Love is verb [Remake from Autumn Once More by Meilia Kusumadewi; Love is verb]

Pair : Yoongi x Jimin [BTS]

Rate : T

Status : two-shoot


[BGM : STAY - BLACKPINK]


Pukul setengah enam sore. Tak terhitung banyaknya retwitt yang kudapat dari statusku di Twitter atas penghargaan yang baru kudapat itu. Belum lagi komentar teman-teman dari rekanan kerja yang ramai mengisi. Semuanya mengucapkan selamat. Semua kecuali satu orang yang sebenarnya kunanti-nanti. Yoongi. Aku dan dia memang berteman di Twitter, tapi itu pun baru setelah beberapa bulan kami perpacaran. Alasan Yoongi waktu itu tak kunjung menerima ajakan pertemananku di Twitter pada masa awal-awal kami pacaran adalah karena aku cemburuan. Ih! Siapa yang cemburuan? Aku kan hanya ingin tahu.

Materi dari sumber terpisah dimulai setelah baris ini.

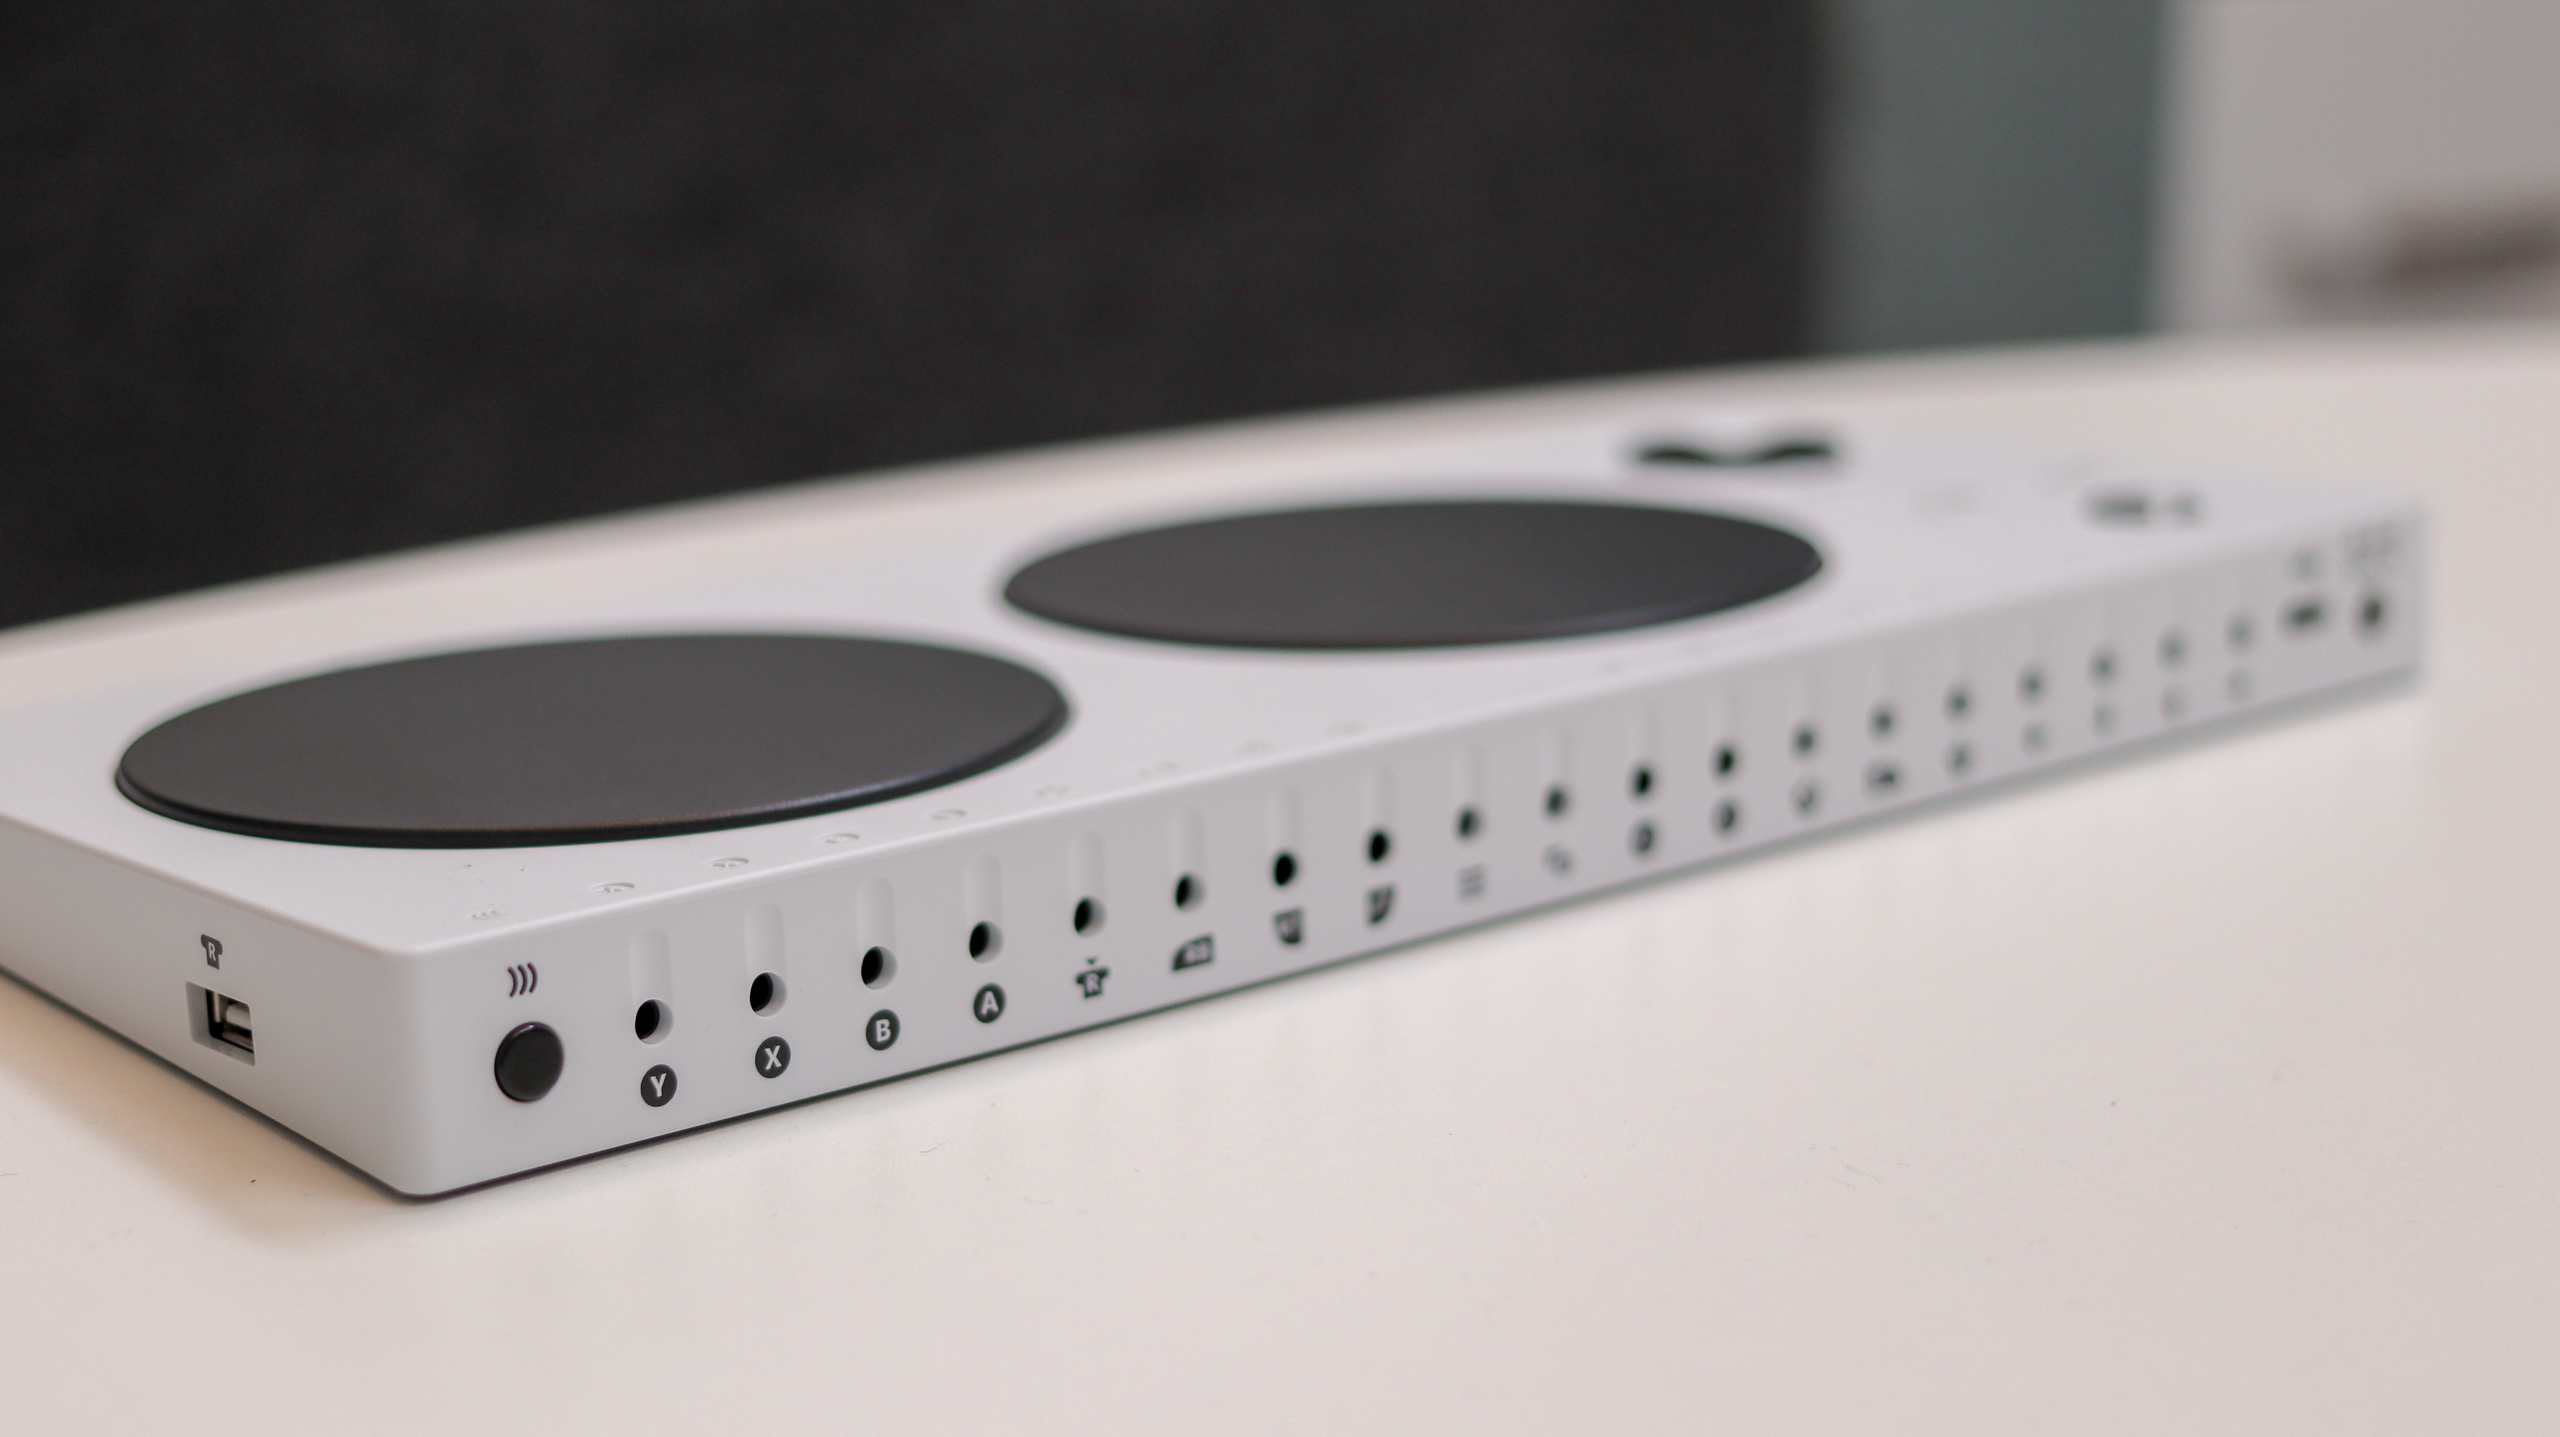 Yes, the Xbox Adaptive Controller is innovative - if you can

Ku telurusi newsfeed di timeline Twitter-ku. Beberapa status teman-teman ku bergantian memenuhi layar iPhone-ku sebelum akhirnya mataku tertumbuk dengan artikel yang diunggah Yoongi di statusnya. Lagi-lagi artikel tentang pekerjaannya. Tampak ramai celotehan teman-temannya di bawah artikel tersebut. Di Twitter, follower Yoongi mencapai dua ribuan, sementara aku hanya enam ratusan. Ternyata Twitt ini dia unggah dua jam setelah statusku. Berarti harusnya dia juga melihat statusku. Terus kenapa belum ada tanggapan dari Yoongi? Oke, kalau sekedar status ringan aku tidak keberatan. Tapi ini aku dapat penghargaan. Dan tidak ada kometar apapun dari dia? Kekesalan tadi siang ternyata masih ada, dan sore ini semakin meletup-letup. Apa dia sudah tidak peduli padaku? Apa dia sudah bosan padaku? Tuhan, kenapa dia bersikap seperti itu padaku? Aku hanya ingin diperhatikan.

Terdengar suara ketukan di puntu ruang kerjaku. "Masuk." Ternyata yang masuk Yoongi. Wajahnya tampak letih luar biasa, namun seulas senyum tersungging di bibirnya.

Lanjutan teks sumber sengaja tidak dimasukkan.